The history of the OTL is one wherein the English and later British won the war (literal and figurative) for supremacy in North America against the French. While the French lost territory through war, they had also failed to properly exploit their North American holdings in comparison to England/Britain. They were underpopulated and underutilized. This was one of the reasons Louisiana was sold to the United States. It was a vast, rich territory which only had value to the French because of France's Caribbean colonies, which it lost to rebellion. And as a result, North America is controlled by two nations which are descended from the United Kingdom and span from sea to shining sea --- other than Mexico.

What if the situation were different? What if it were the French that had been successful on the continent, and created strong, culturally French colonies which sidelined and possibly booted out the English? This does not mean France controls the continent forever, but that any subsequent nation(s) would be derived from the French in the same way that the United States and Canada are descended from and still have cultural, societal, legal, governmental connections to Britain and England.

For all sorts of reasons, this is really unlikely for "France as we know it" at any reasonable departure point between (say) 1600 and 1800 (to make it a nice round couple of centuries).

It is worth noting, yet again, that France is a continental power in Europe, meaning that France's elites always have to be aware of and planning ahead for what their neighbors in Europe - whether Hapsburg/Spain or Hohenzollern Germany, or whoever - are up to, and spare/disposable resources (population, money, time, etc.) have to be used to address those strategic issues first, last, and always.

England/Britain, with the minor issue(s) of the Scots and Irish, never has had to face that issue in modern history, and equally did not have to do so in 1600-1800. Navies cost money and population, but not in the way that armies do...

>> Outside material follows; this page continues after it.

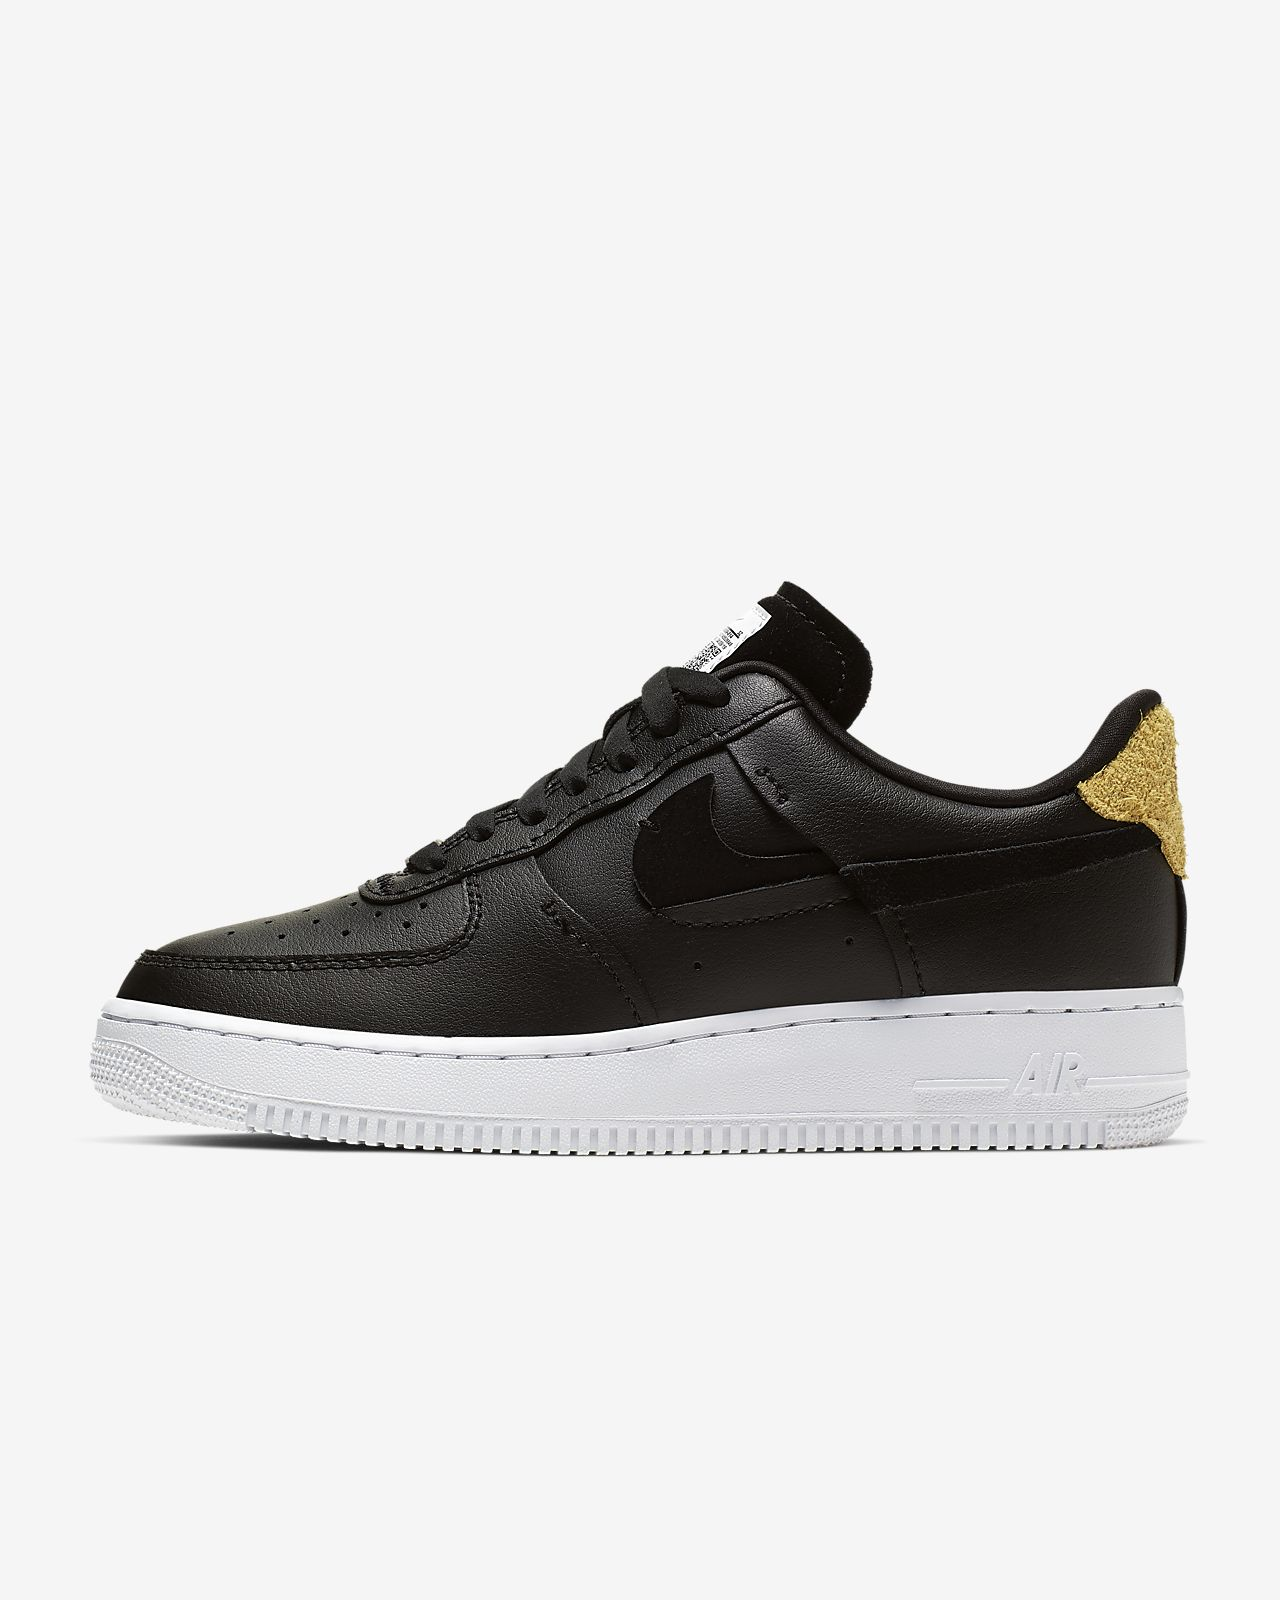 Nike Air Force 1 '07 Lux Damenschuh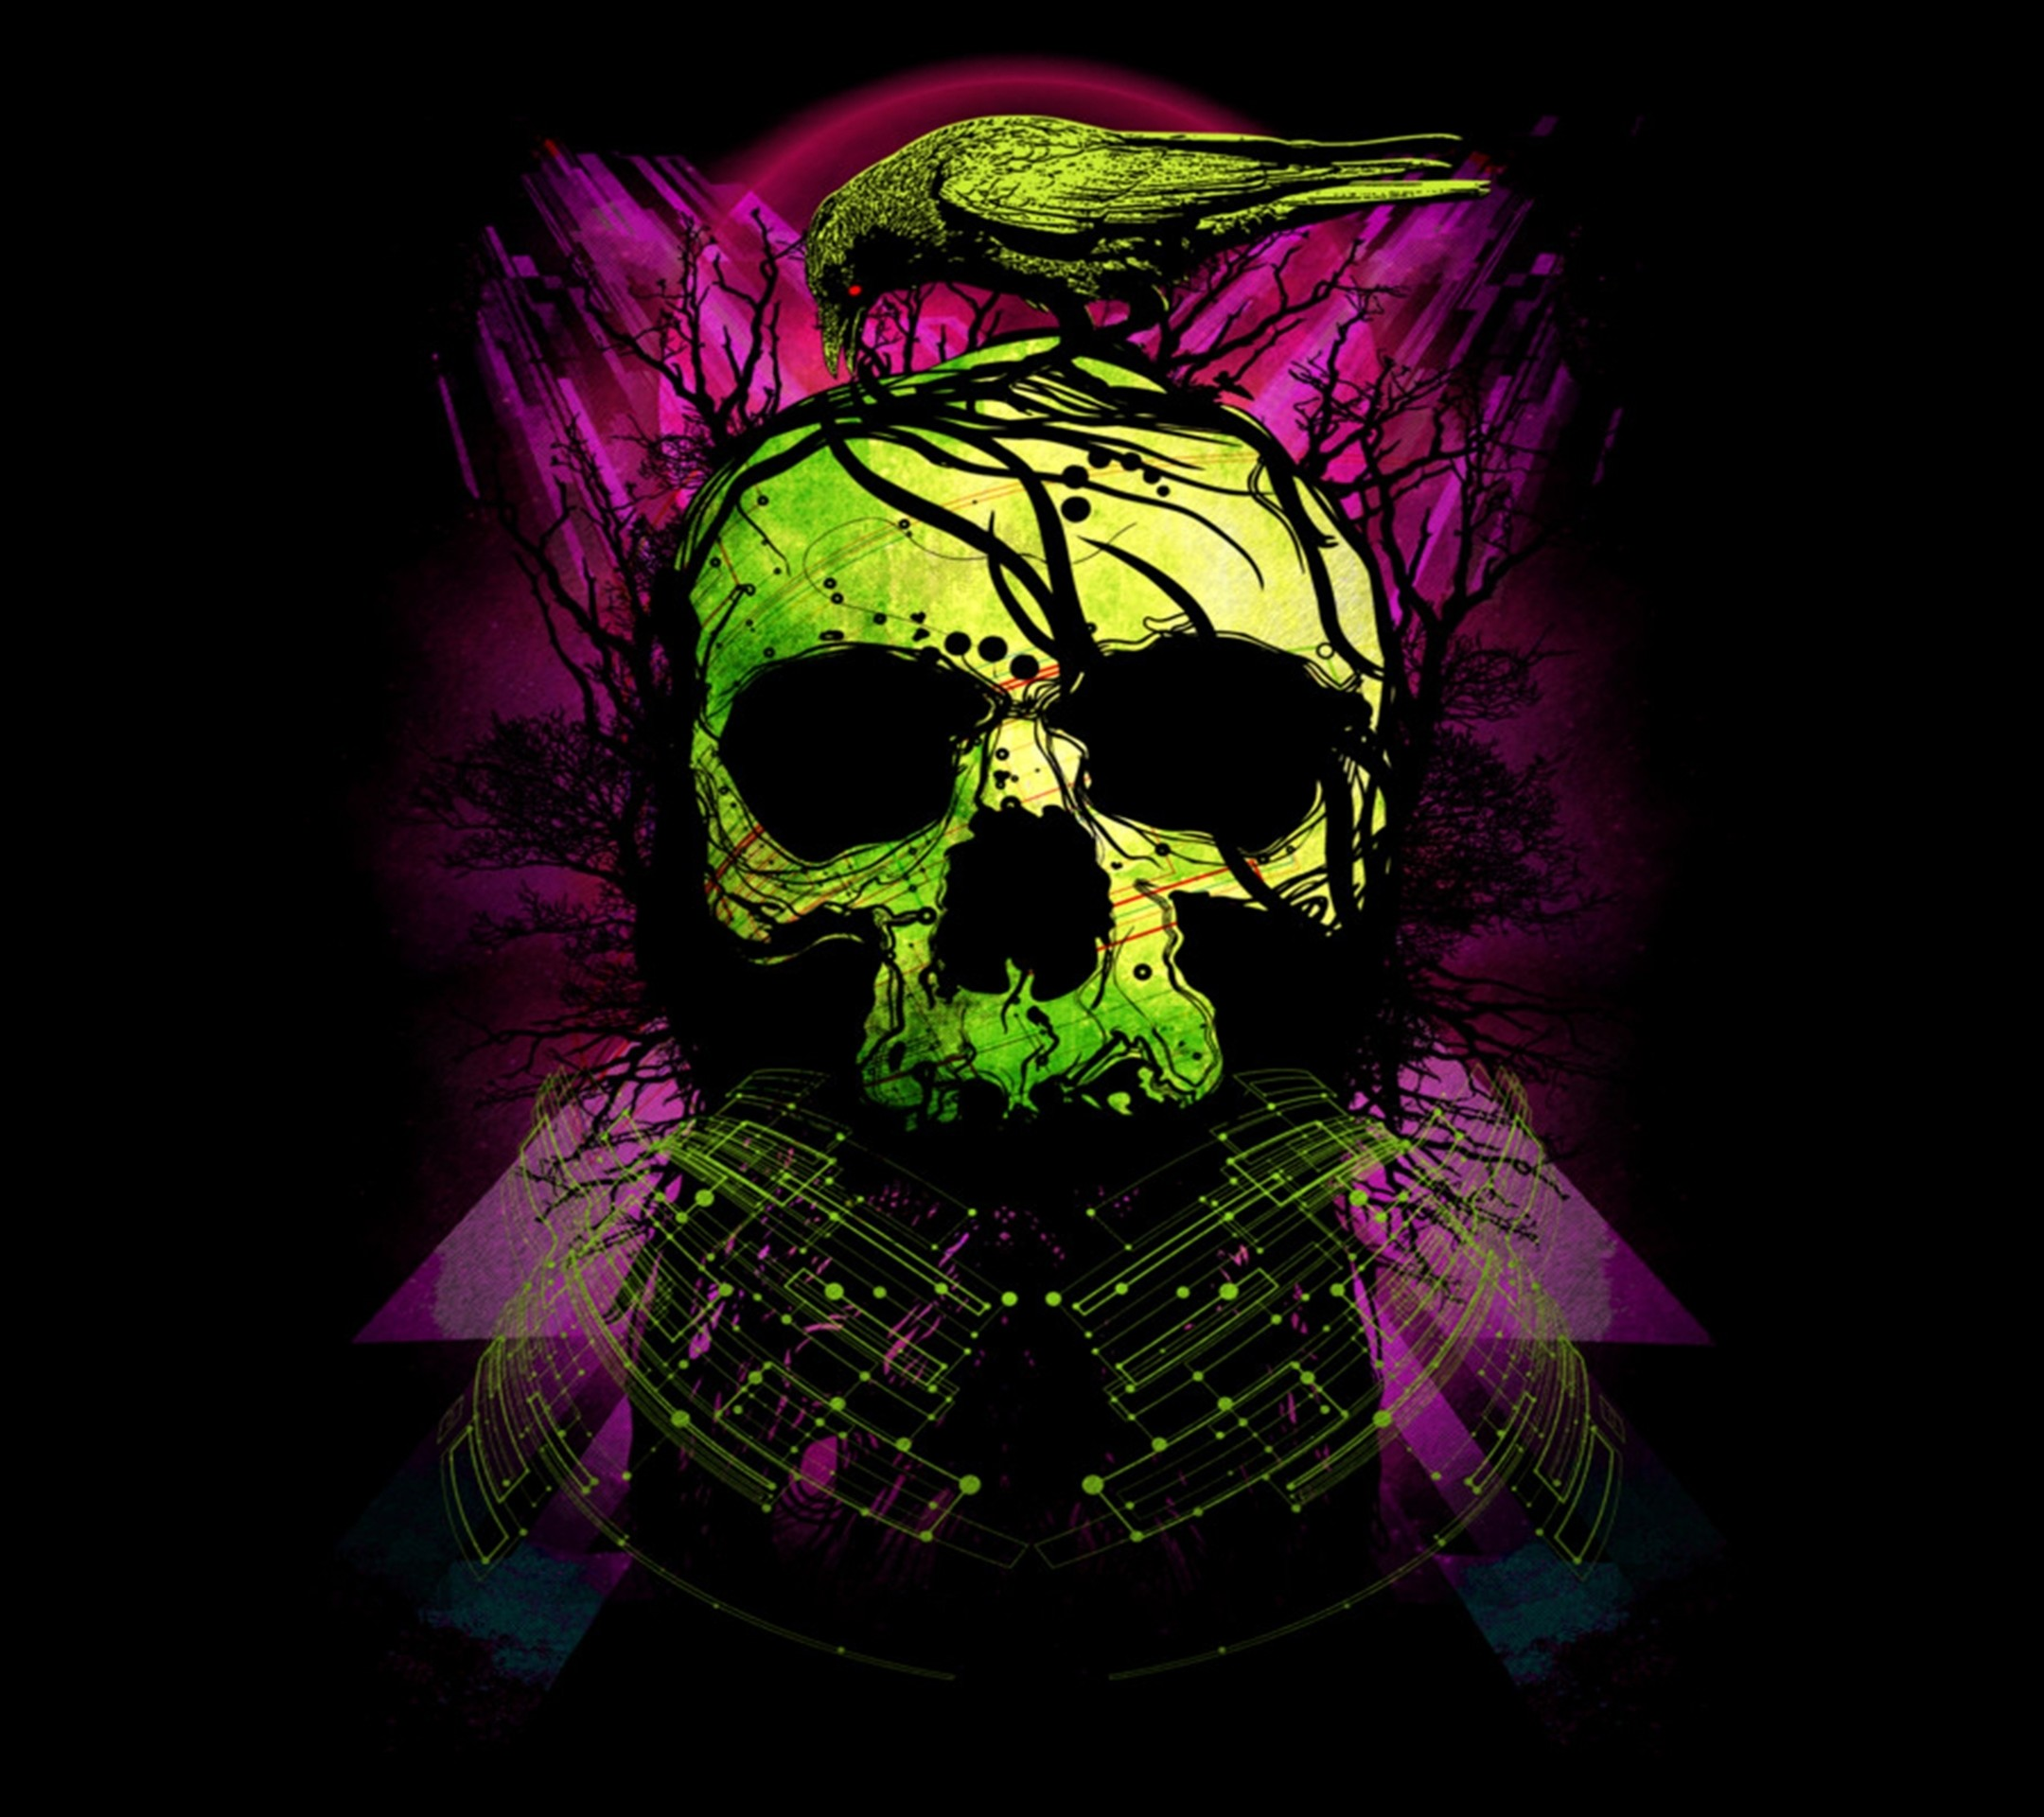 Pink Skull Wallpaper (50+ Images

So yes, geography mattered hugely in the "British or French influence in North America question" - I'd argue it was the geography in Europe as much or more so than where the various colonies plunked down in North America, and where their population was drawn from...

The Channel is an excellent moat.

And anti-tank ditch.;)

The Moselle, not so much.

Best,
 

TFSmith121

Banned
I'm thinking it was the food...

It's not just that, it's also that the french people for whatever reason just didn't wanna move. With all the other factors it didn't really matter much in the Quebec colonization but in the case of Algeria the french had to attract almost half the pied-noirs from Spain and Italy.

England on the other hand was CHOCK FULL of people who wanted to get out of there for whatever reason.

I'm thinking it was the food...in both cases.

Best,
 
For France to have dominated North America, the settlement would have had to have begun much earlier, allowing natural growth to have a large enough French population to evict any foreign interlopers. As mentioned above, France was unique in that very few French emigrated overseas. French peasants seemed to have a much more secure position than their European counterparts. The most attractive place for French immigration (like British) was the West Indies which were considered much wealthier and offering greater opportunities than North America.

Even in the 19th century French emigration rarely exceeded 10,000 per year, with most emigrants being middle and upper-middle class businessmen emigrating for business reasons to Latin America, the U.S. and Egypt. Even most of the French who made their way to the Colonial Empire tended to be administrators, outnumbered by the aggregate of Spaniards, Italians and Maltese in North Africa and Syrians and Lebanese in West Africa.